Treating Scarring Alopecia: What’ s the point?
The scarring alopecias are a group of hair loss conditions whereby patient’s lose hair in a manner that has the potential to be permanent. The reason the hair loss may be permanent is that these conditions are associated with the depositing of tiny bits of scar tissue beneath the scalp that make it difficult for hair to regrow. Treatments are often used to help stop the process, although sometimes regrowth is possible. Regrowth is more of an option when treatments are used in the earliest stages of the disease. In more advanced stages, regrowth generally does not occur.
Why treat if I’m not going to regrow anything back?

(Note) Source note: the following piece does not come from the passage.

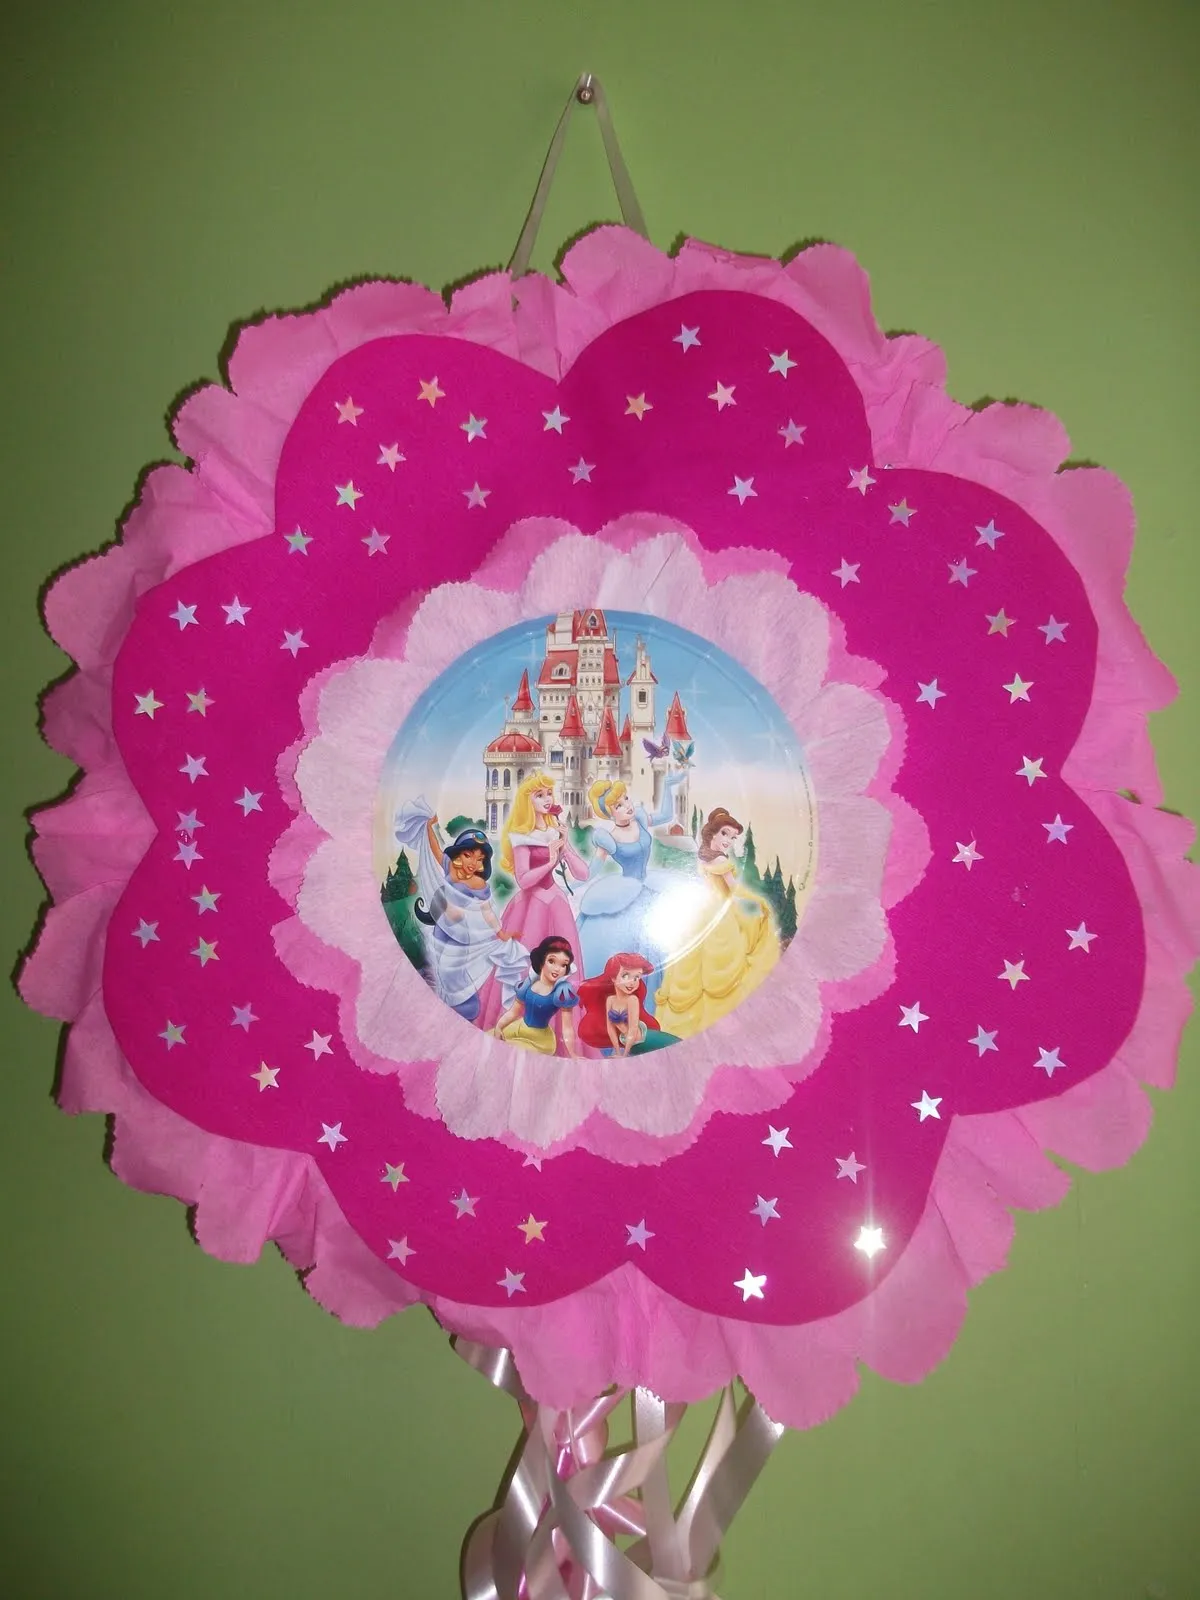 Como hacer piñatas de princesas - Imagui

Patients often ask me why they should bother treating if they can’t grow back any hair. Sometimes this is said in frustration but other times after much thought about the whole process. Here are some important considerations as to why some patients decide to try to treat their scarring alopecia despite the fact that that hair is not going to come back for many people:
1. I want to save whatever hair I have now. Some patients choose to begin treatment to save the hair that they have. They understand that getting more hair back is not likely to occur but want to hold on to whatever they have. They want to have the ability to style the hair they have now and use the existing hair to camouflage thinning areas.

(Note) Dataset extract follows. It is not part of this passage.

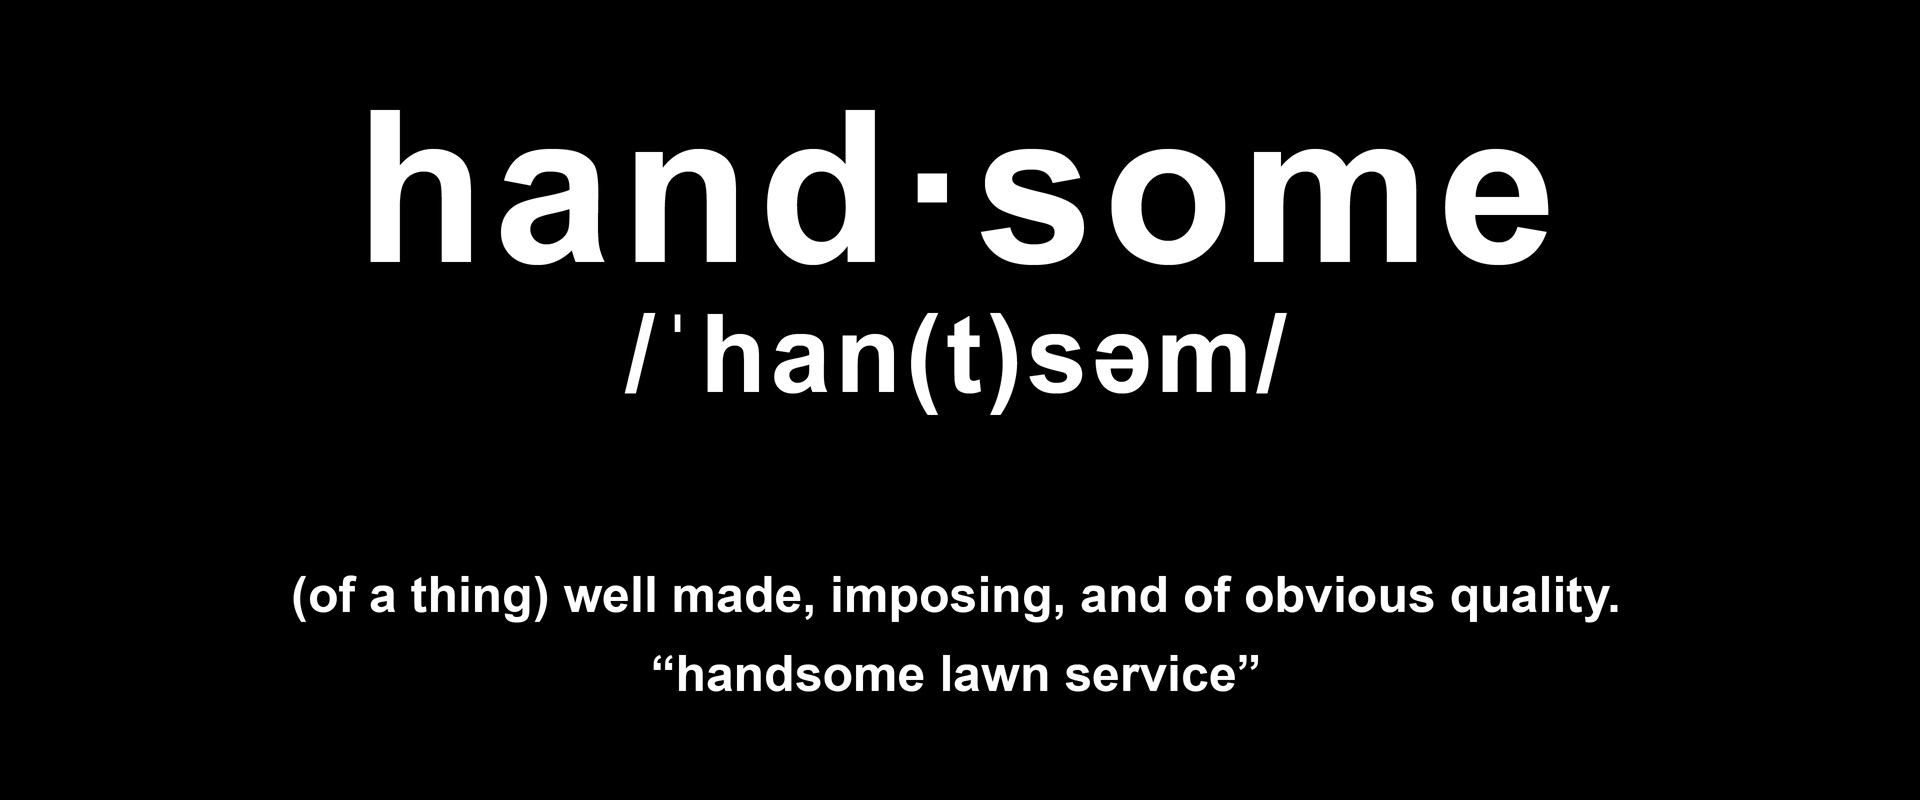 Handsome Lawn Service Definition Slide

2. I want to stop my symptoms of itching and burning. Scarring alopecias can be associated iwth troublesome scalp symptoms like itching, burning and tenderness. Some patients choose to begin treatment to stop their symptoms regardless of what effect it will have on hair growth or loss. Not all patients with scarring alopecia have symptoms but for some patients the intensity of symptoms can be quite high. it’s not uncommon for itching, burning for some patients to reach levels of 6-10 out of 10 (with 10 being maximal itching and burning that one can imagine).
3. I would like to keep the hair they have now so my hairpeice, wig or system fits better on the scalp. Some patients want to hold on to their hair so that their current wig or hairpeice has something to attach to or so that it blends in better with their existing hair. Consider the middle age male with lichen planopilaris that I saw last week. He is wearing a hair system and it looks terrific. The top of the scalp is shaved and the system is attached to the top of the scalp with use of adhesive. It blends in quite unnoticeable with this hair around the sides and the back. The main issue for him is that he also has lichen planopilaris (scarring alopecia) affecting the sides and the back and this area is at great risk for being lost too. If this area were lost the current system might not camouflage as effectively. We are doing everything we can to save the hairs around the sides and back. Regrowth of hair is not a point of discussion here.
Summary and conclusion
The early and aggressive treatment of scarring alopecia can sometimes lead to a bit of improvement in hair density - but not always. Many patients with scarring alopecia chose to begin treatment even though getting back hair is not one of the goals. For some the decision to start treatment centers around the hope to hold on to whatever they have. For others, it’s centered around setting or stopping troublesome scalp symptoms like itching or burning.